Our call has been joined by many others, including consumer groups like Which? and, more recently, the City of London Police, the Financial Conduct Authority and the governor of the Bank of England.
However, in its response to our report, the government said that paid-for adverts would not be included.
I have continued to ask questions about this, and to raise it with the prime minister.
He agreed with me that the problem must be tackled. His ministers, however, are still saying it should be left until some other work has been completed – and it looks as if that could take years.
It’s much too urgent for that. The government must think again.
On Wednesday 26th October it thought again , this is the debate that was had
Support Stephen Timms and Guy Opperman’s call to action
The insertion of clauses 34-36 of the Online Harms bill.if included in the Act would put the onus on the titans of the internet to ensure we are protected from much of the scamming.
Without prevention of online scams , the Online Harms Bill risks becoming a woke charter, a threat to civil liberties and an encouragement of woke policing.

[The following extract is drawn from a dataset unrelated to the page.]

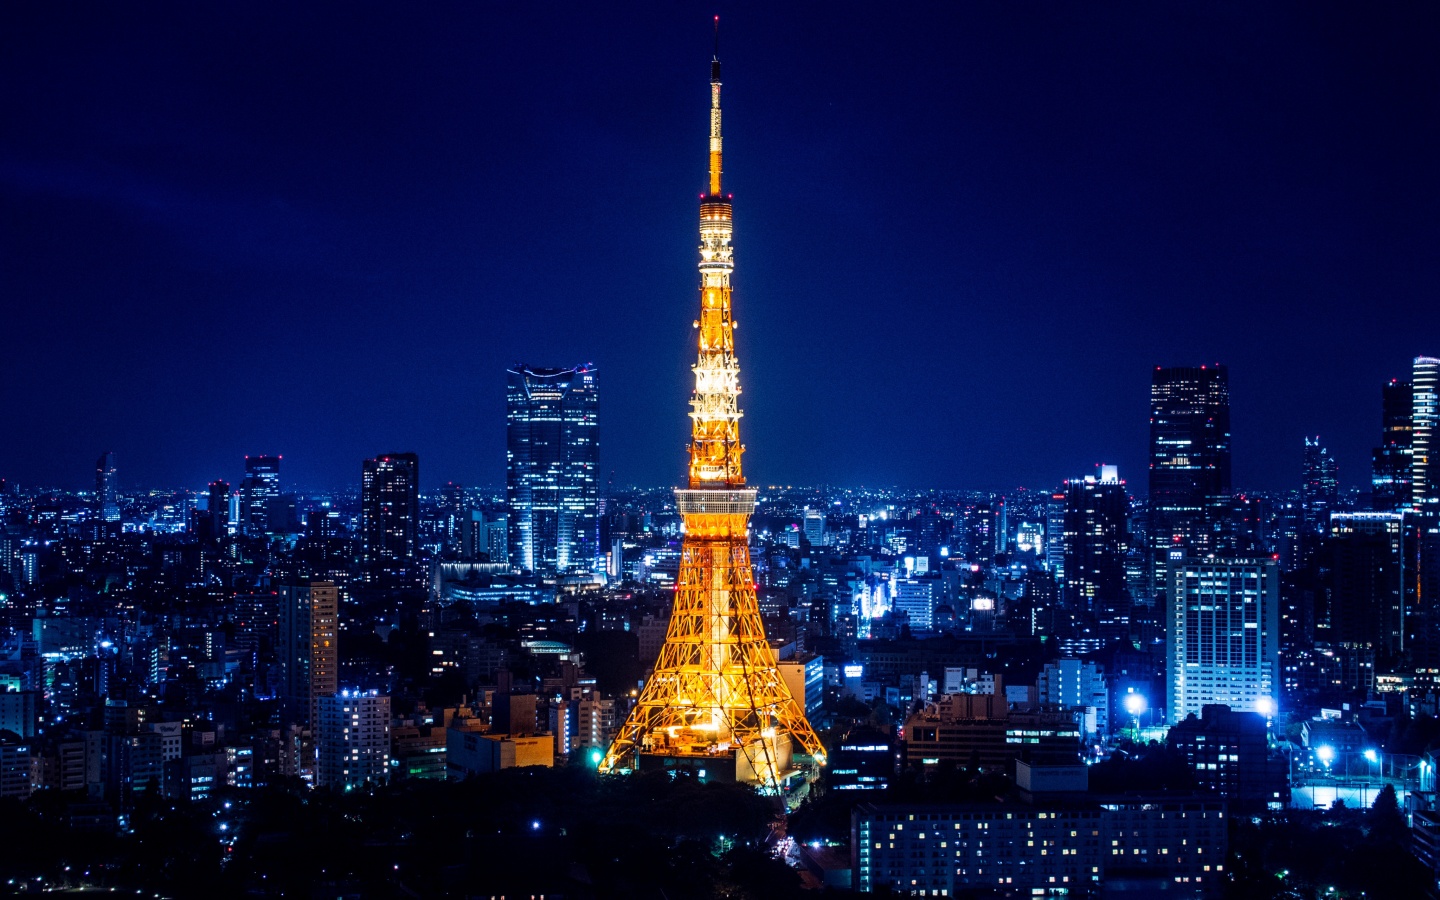 Tokyo Tower At Night

If the definition of online harms is extended to cover the promotion of online scams, then , as Timms says , financial scams will succeed despite the best efforts of Action Fraud.
Populist measures (the bill is currently sponsored by Nadine Dorries) get headlines, but it’s the dirty online scams which don’t get popular attention , that are the greatest threat right now.
If we are to tackle woke policing, we should tackle woke legislation too: the online harms bill needs to cover paid-for scam adverts and the police need to have powers to tackle those who pay for them.